▶
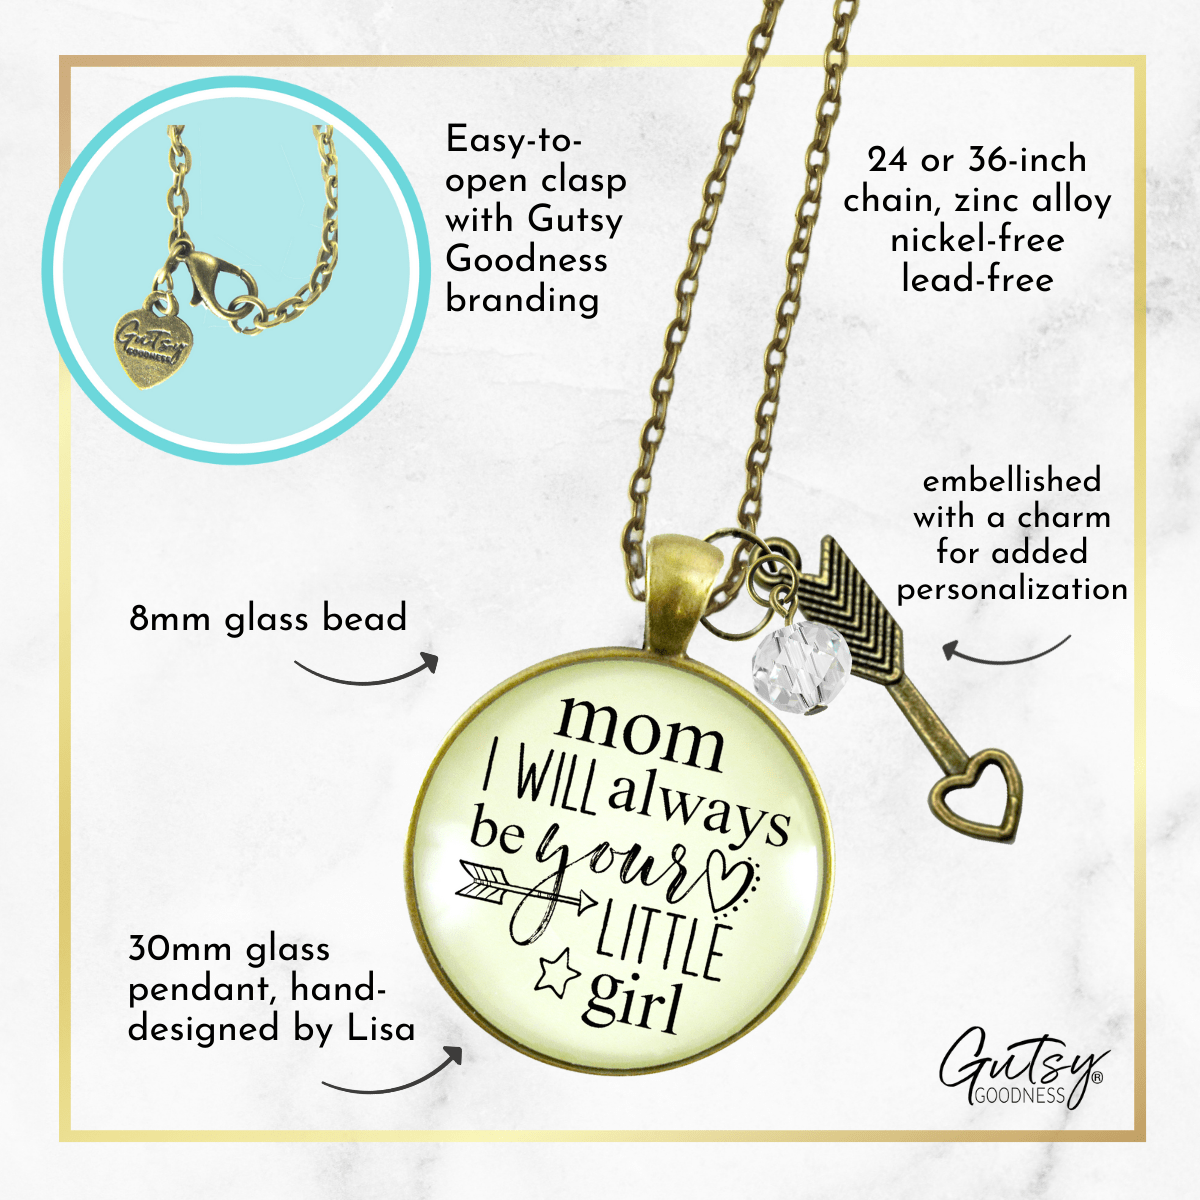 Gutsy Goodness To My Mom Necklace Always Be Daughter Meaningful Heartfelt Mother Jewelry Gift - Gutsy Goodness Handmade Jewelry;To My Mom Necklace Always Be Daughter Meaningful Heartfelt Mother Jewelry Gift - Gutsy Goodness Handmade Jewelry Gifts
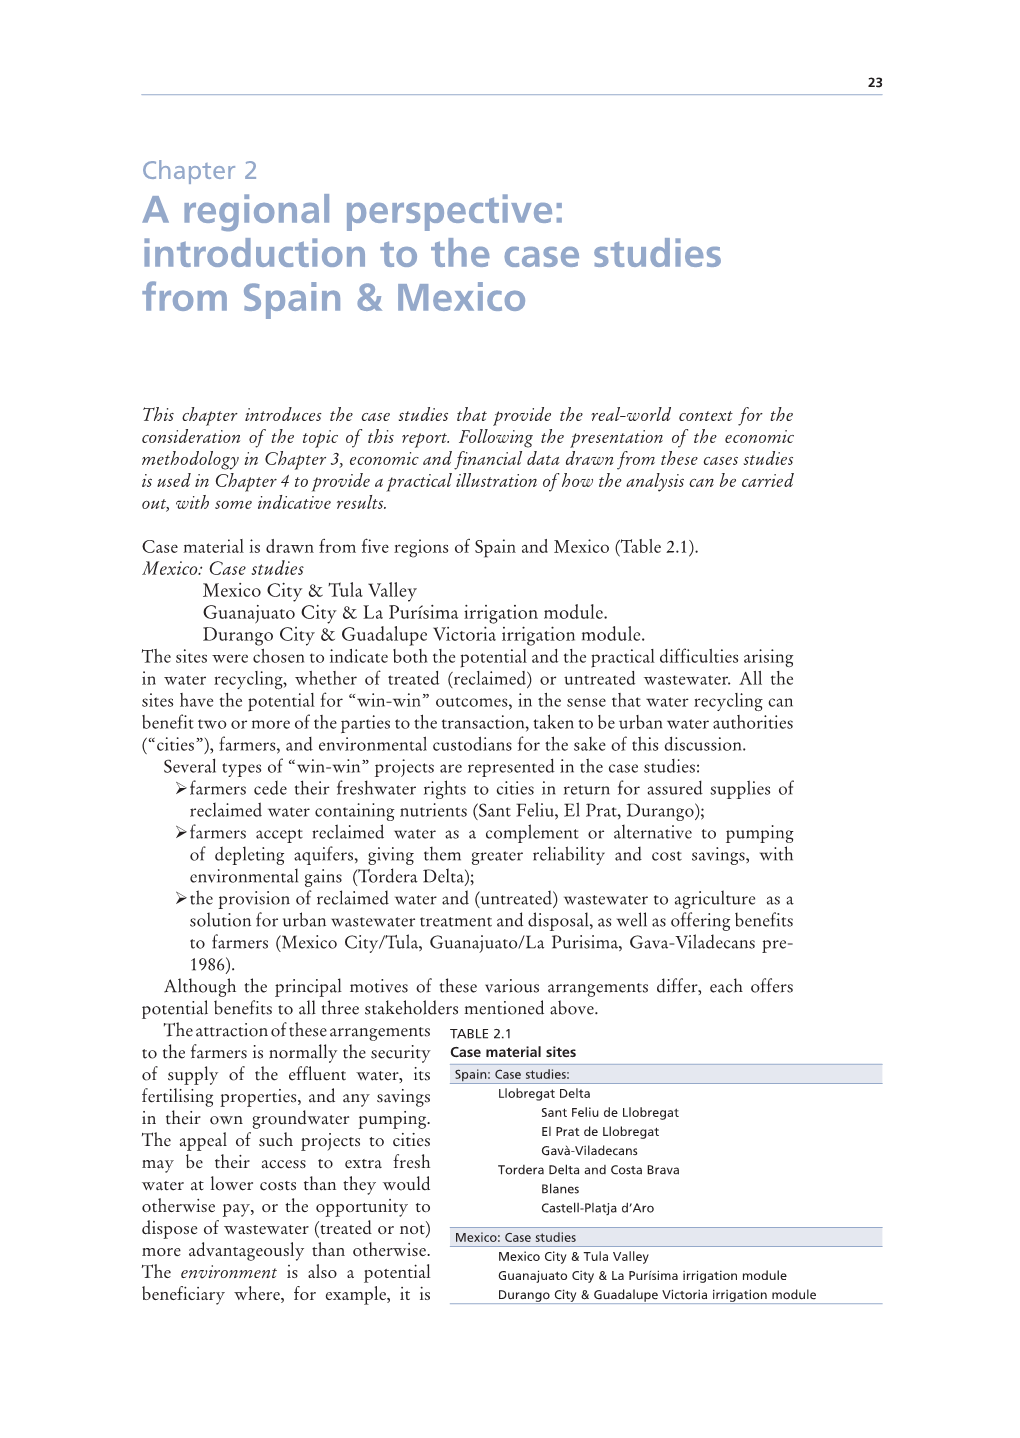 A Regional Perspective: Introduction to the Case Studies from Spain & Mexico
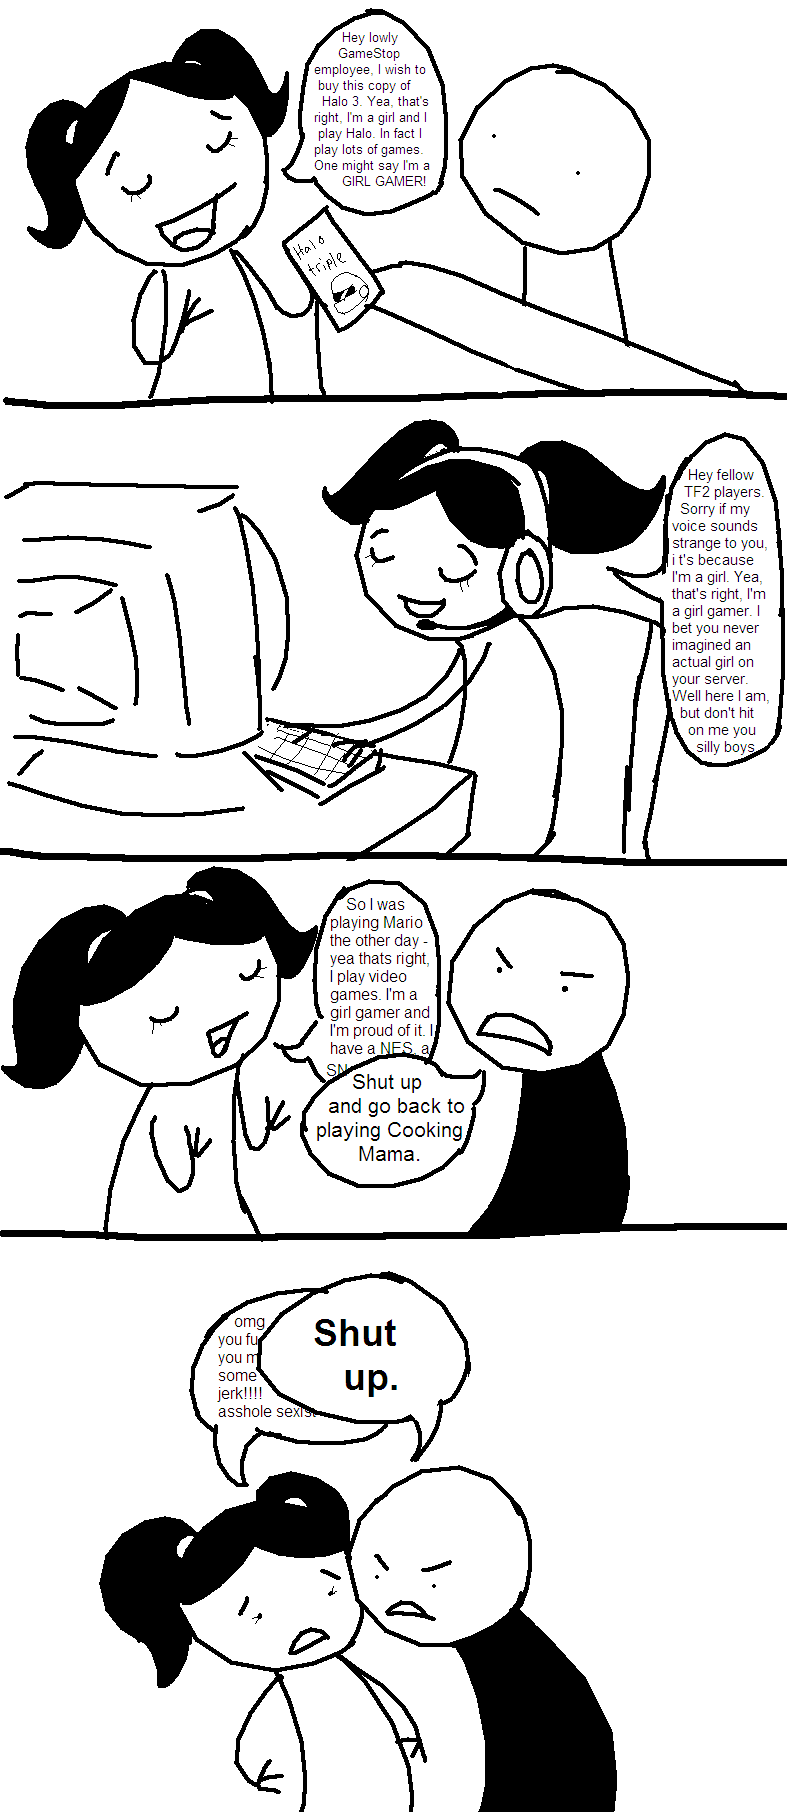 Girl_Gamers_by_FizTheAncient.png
◀
Task directions: The range to transcribe runs from the line holding "A Regional Perspective: Introduction" through the final line of the data above; copy it exactly and exclude the pictures.

Solution for this problem:
 A Regional Perspective: Introduction to the Case Studies from Spain & Mexico
 Girl_Gamers_by_FizTheAncient.png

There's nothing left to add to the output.